● Work required
Where does the string "called" appear in the records? Copy every line that contains it.

● Source material
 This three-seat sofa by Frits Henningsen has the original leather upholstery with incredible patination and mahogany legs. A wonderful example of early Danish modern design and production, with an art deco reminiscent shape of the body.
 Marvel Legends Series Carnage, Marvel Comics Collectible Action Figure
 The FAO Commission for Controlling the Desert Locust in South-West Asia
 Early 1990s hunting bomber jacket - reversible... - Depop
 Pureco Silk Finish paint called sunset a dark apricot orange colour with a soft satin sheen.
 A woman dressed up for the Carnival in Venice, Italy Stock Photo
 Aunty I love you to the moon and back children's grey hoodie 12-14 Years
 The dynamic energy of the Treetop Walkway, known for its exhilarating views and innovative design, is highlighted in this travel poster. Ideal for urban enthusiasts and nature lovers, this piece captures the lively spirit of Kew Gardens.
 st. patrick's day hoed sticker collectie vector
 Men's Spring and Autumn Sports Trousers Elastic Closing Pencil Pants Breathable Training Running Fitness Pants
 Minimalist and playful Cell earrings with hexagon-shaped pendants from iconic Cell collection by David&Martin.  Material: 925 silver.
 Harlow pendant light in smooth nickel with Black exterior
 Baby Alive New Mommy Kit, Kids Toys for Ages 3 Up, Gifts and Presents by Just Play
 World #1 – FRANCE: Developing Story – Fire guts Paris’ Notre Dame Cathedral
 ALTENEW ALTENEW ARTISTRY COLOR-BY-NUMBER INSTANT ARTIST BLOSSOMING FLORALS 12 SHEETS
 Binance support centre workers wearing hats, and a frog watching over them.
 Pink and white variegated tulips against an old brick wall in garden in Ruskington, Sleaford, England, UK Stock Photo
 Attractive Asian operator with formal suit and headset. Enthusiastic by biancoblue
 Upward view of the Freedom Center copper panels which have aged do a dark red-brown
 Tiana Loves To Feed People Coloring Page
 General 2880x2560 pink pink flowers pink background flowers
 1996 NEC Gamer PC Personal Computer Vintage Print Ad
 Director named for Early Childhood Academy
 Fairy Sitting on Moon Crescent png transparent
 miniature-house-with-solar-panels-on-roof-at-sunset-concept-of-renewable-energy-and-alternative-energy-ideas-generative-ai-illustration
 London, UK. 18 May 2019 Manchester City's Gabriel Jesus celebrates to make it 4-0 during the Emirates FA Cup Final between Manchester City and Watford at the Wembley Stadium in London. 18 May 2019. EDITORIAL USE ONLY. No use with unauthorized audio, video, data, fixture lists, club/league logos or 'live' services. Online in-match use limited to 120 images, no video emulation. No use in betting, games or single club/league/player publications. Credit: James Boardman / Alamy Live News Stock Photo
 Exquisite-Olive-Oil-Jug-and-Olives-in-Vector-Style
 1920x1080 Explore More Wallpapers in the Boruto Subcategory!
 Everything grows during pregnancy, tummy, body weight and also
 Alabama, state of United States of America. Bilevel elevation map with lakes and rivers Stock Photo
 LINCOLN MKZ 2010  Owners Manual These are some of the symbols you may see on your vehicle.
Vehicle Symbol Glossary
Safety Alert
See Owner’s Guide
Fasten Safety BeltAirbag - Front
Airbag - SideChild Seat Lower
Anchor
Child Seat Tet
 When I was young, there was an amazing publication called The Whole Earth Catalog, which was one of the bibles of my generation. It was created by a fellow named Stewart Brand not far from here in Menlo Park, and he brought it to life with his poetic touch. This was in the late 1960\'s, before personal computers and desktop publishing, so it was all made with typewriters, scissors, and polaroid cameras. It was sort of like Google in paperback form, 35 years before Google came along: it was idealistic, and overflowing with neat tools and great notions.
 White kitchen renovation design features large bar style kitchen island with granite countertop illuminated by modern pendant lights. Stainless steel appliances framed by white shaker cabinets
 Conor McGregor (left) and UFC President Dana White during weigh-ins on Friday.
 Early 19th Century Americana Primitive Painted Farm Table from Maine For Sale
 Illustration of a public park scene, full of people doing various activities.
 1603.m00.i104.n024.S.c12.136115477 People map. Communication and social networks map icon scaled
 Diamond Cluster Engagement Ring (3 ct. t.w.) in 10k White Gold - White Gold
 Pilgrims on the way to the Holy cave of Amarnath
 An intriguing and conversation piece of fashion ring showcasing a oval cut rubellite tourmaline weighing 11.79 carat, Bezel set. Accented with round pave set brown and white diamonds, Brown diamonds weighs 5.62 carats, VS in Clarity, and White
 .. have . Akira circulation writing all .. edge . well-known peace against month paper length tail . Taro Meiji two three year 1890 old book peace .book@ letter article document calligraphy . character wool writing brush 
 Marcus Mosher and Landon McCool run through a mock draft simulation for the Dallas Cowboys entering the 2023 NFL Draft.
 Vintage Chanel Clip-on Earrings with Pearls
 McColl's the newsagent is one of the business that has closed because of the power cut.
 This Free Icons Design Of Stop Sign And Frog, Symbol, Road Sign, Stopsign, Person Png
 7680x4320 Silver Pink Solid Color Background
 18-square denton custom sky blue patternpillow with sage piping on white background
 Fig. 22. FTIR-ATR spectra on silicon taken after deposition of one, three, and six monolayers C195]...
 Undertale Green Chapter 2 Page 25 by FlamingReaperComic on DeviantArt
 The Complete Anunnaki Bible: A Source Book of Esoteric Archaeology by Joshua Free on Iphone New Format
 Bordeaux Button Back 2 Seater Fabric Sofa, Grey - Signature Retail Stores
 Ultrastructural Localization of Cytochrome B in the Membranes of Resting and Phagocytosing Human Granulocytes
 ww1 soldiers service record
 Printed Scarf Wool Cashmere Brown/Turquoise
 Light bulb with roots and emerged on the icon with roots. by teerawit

● Task output
 Pureco Silk Finish paint called sunset a dark apricot orange colour with a soft satin sheen.
 When I was young, there was an amazing publication called The Whole Earth Catalog, which was one of the bibles of my generation. It was created by a fellow named Stewart Brand not far from here in Menlo Park, and he brought it to life with his poetic touch. This was in the late 1960\'s, before personal computers and desktop publishing, so it was all made with typewriters, scissors, and polaroid cameras. It was sort of like Google in paperback form, 35 years before Google came along: it was idealistic, and overflowing with neat tools and great notions.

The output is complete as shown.